During his residence in Jerusalem, Petah Tikva and Neve Shalom, Barnett traveled to London fifteen times in order to raise personal funds. On two occasions 1884 and 1885, in Paris, he met with Baron Edmond James de Rothschild to request financial support for Petah Tikva's survival as a Jewish agricultural community. During the same period he attended the Katowice Conference of European Jewish community leaders to appeal for funds for Petah Tikva.

The mud and brick buildings of the pioneers of Petah Tikva were not sturdy enough for the wet winters, and they washed away. After contracting malaria, Barnett returned to London for five years to increase his wealth and returned in 1885 to build the first two-storey stone building in the settlement and buy more farm land. This structure also served as the community's synagogue and later, the house served as a fort during the defense of Petah Tikva against Arab raiders.

In 1890, whilst maintaining his Petah Tikva lands Barnett bought land north of Jaffa, where he intended to found the first new Jewish urban community which he called Neve Shalom. The Head of Jaffa's Beit Din, Rav Naftali Hertz HaLevi and other prominent Jewish residents from Jaffa settled there. Naftali Hertz Halevi. In 1896, Barnett donated some of the land to an educational-religious organization to be known as Shar'ei Torah, and also founded a Yeshiva named the Or Zore'ah Yeshiva.

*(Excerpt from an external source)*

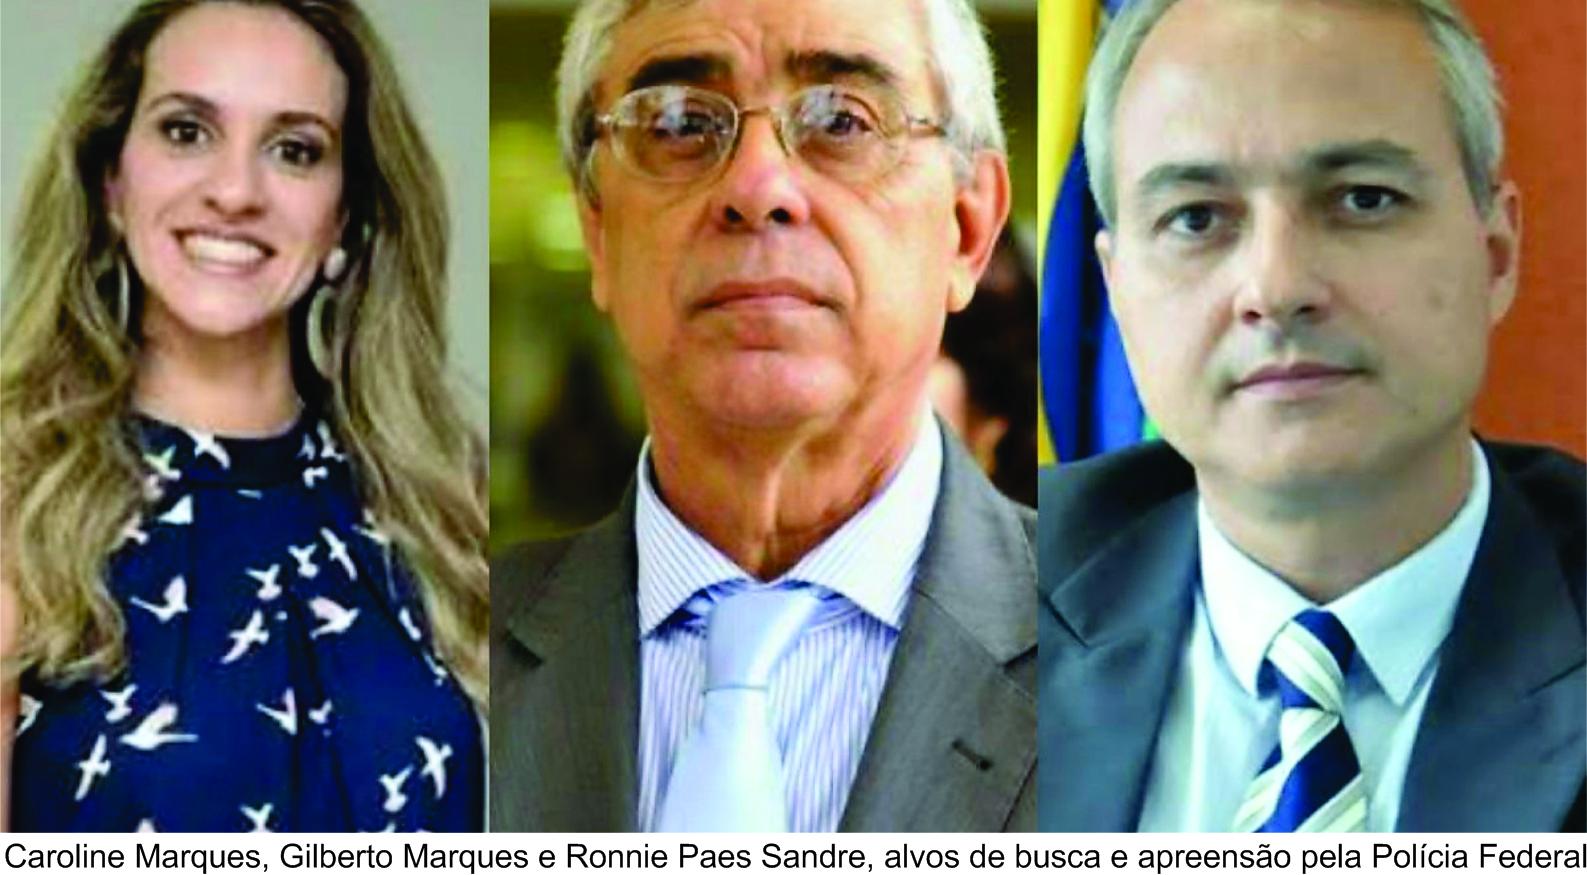 A lama esparramada pelo Tribunal de Justiça de Goiás
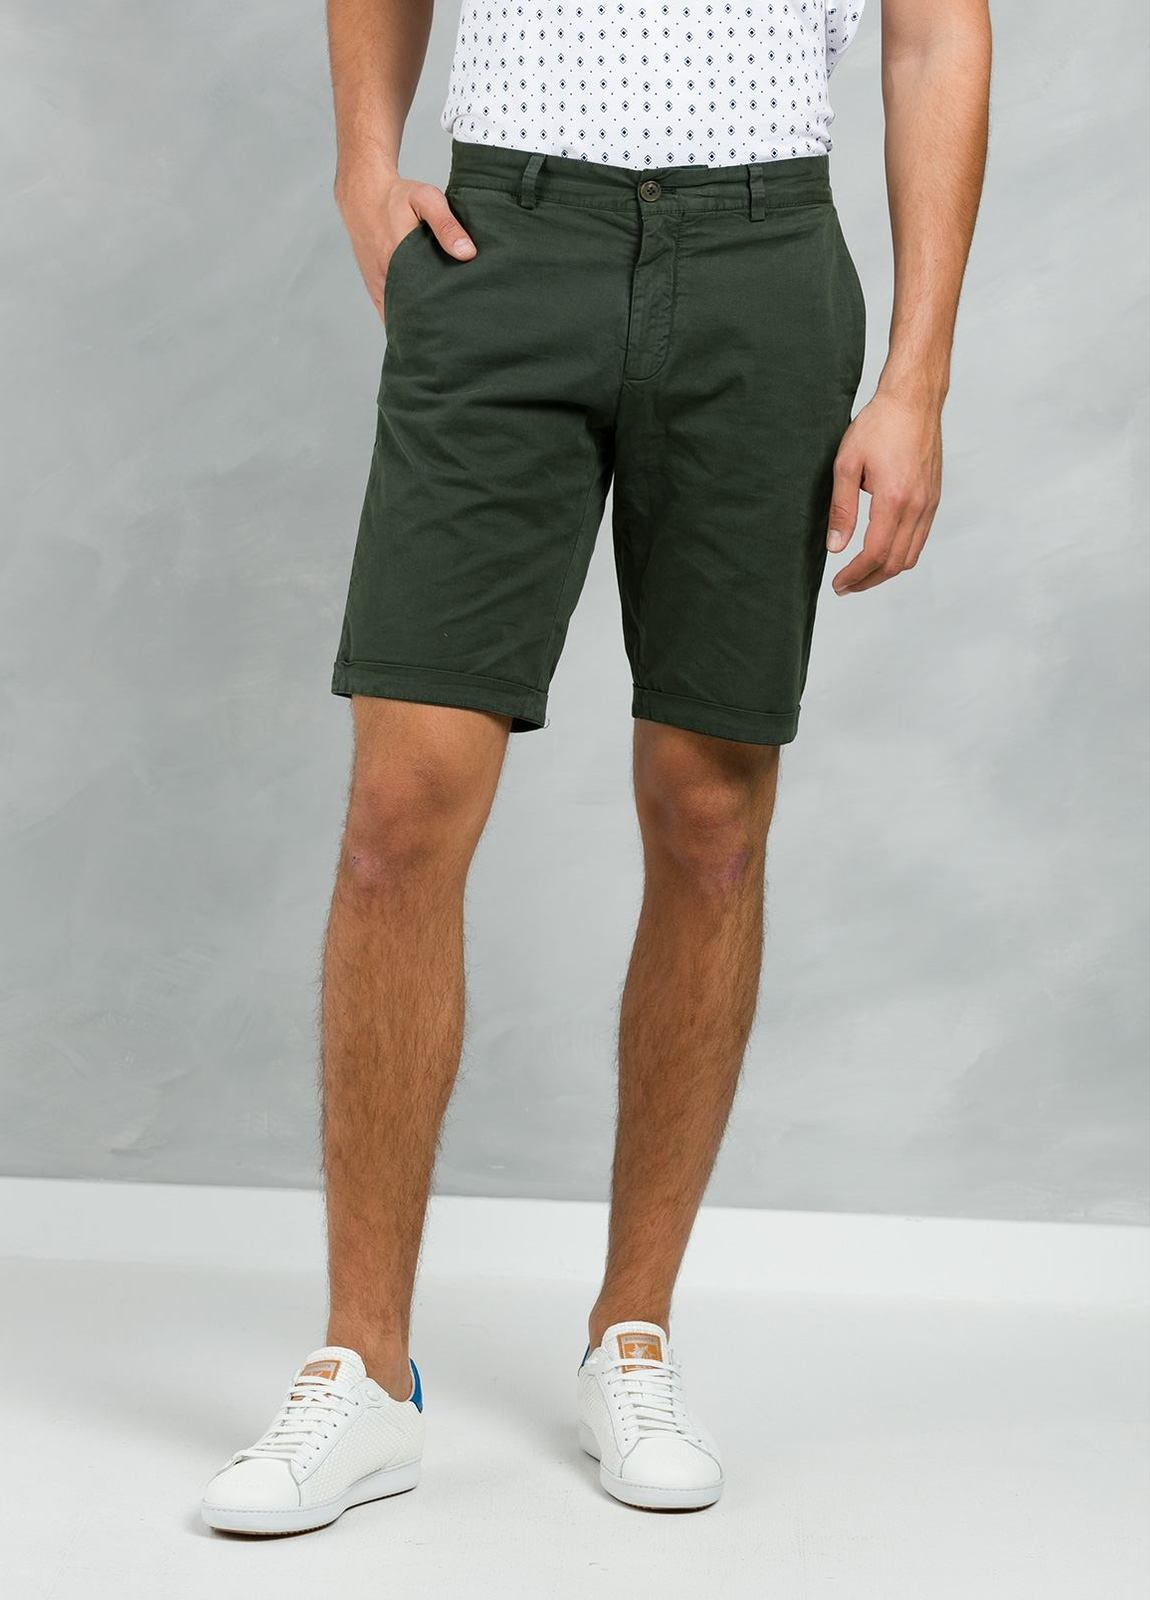 Bermuda ligeramente slim fit color kaki, 100% Algodón.

Neve Shalom grew and prospered as a Jewish urban community and by the time of World War I was the largest such community in Israel.

With the outbreak of World War I Barnett and his family were evacuated to Alexandria, Egypt, as British citizens, where they remained until 1918 when they returned to their home in Neve Shalom, had which continued to grow in their absence with some 3,800 Jewish and Arab families (moslem and christian) living side-by-side. The arabs called Neve Shalom - Manshia, which loosely translated means outside the walls (of Jaffa).

At the turn of the century Barnett invested in substantial lands to the north-east adjoining Neve Shalom to be called Ahuzat Bait and later Tel Aviv which was established in 1909.

Barnett's memoirs were written with the help of his daughter, the author Hannah Barnett-Trager in 1929, in Hebrew and published by Yehuda Halevi Schechter. These were re-published in both Hebrew and English in 2021 by Michael Barnett to accompany a documentary film about Zerach Barnett on the 150th anniversary of his first arrival in Israel in 1871.

Barnett's wife, Rachel Leah (1844) died in 1924 having given birth to 7 children. Barnett died in 1935 in Neve Shalom, by then a suburb of Tel Aviv. Both are buried side-by-side at the Mount of Olives, Jerusalem.

Barnett is mentioned as one of the five riders in The Ballad of Yoel Moshe Salomon on the topic of the founding of Petah Tikva.